BY Nick Judd and Nataliya Nedzhvetskaya | Friday, August 10 2012

Last week, Obama for America published a glowing blog post about how "Zeppa," a field organizer for the campaign in Ohio's Wyandot and Crawford counties, was using the campaign's Dashboard online organizing platform to recruit volunteers. The post focused on "Billie," a new neighborhood team leader working with "Zeppa," and frames them both smiling in front of what seems to be a campaign office.

The pair are an example of what the Obama campaign hopes will happen on Dashboard with increasing frequency: organizers calling volunteers as soon as they sign up, identifying potential leaders and turning enthusiasm into action on behalf of the campaign.

"If you want to protect our progress," the post ends, "there’s an easy way to get started. Join Dashboard today, and connect to your local neighborhood team."

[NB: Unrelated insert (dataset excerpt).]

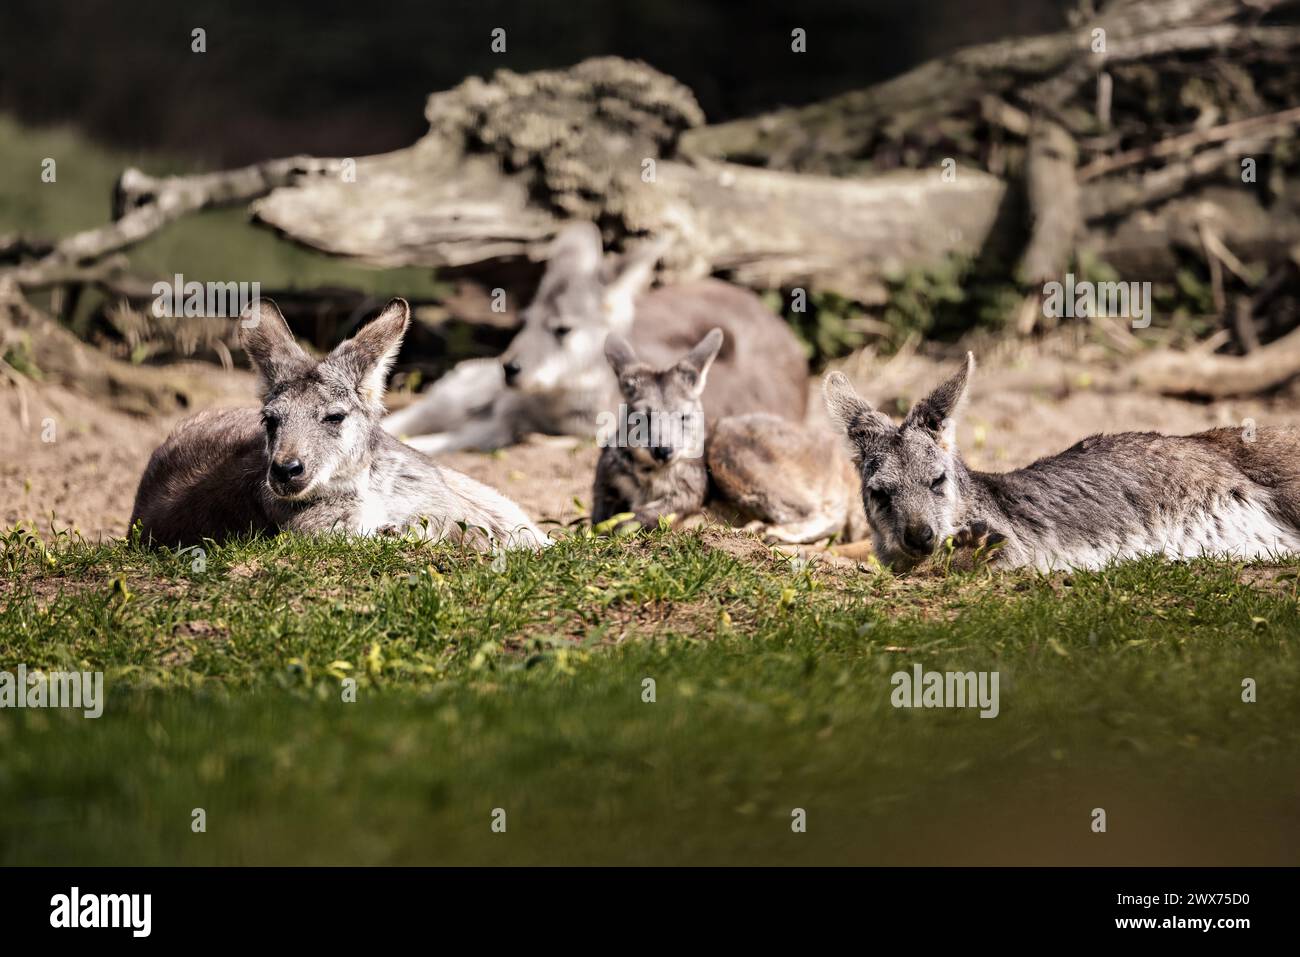 A group of donkeys resting in a field beside a fallen tree Stock Photo

The Obama campaign is racing to make its online hub for organizing, Dashboard, as inviting as possible for volunteers. With 87 days until Nov. 6, the campaign is pleading for supporters to sign on to the platform, which organizes volunteers by location into neighborhood teams, stores information about the work they are willing to do, and points them to tools to do things like knock on doors or make phone calls. It's a project the campaign is clearly proud of, and has spent months working on — we first noticed the "coming soon" sticker hanging on Dashboard's vacant online storefront last November.

To understand how this tool was actually being used, we looked at Ohio, a key swing state. We tracked a sample of 560 neighborhood teams on Dashboard there over five weeks, during which they were growing — albeit at a flat number of additional volunteers per week, which actually meant the rate of growth declined as our sample grew in size.

Campaign officials describe Dashboard as a way for volunteers to take action without having to wait for permission from the campaign. It's also designed to connect the online energy of supporters with the real-world needs of Team Obama's ground game. Based on interviews with more than a dozen campaign volunteers using Dashboard, while stories like Zeppa's and Billie's are surely there to be told, some of the volunteers who signed up for the platform are waiting in vain for someone to connect them with the campaign. Others, already comfortable with campaign techniques they developed in 2008 or earlier, or uncomfortable with technology, are largely ignoring the platform.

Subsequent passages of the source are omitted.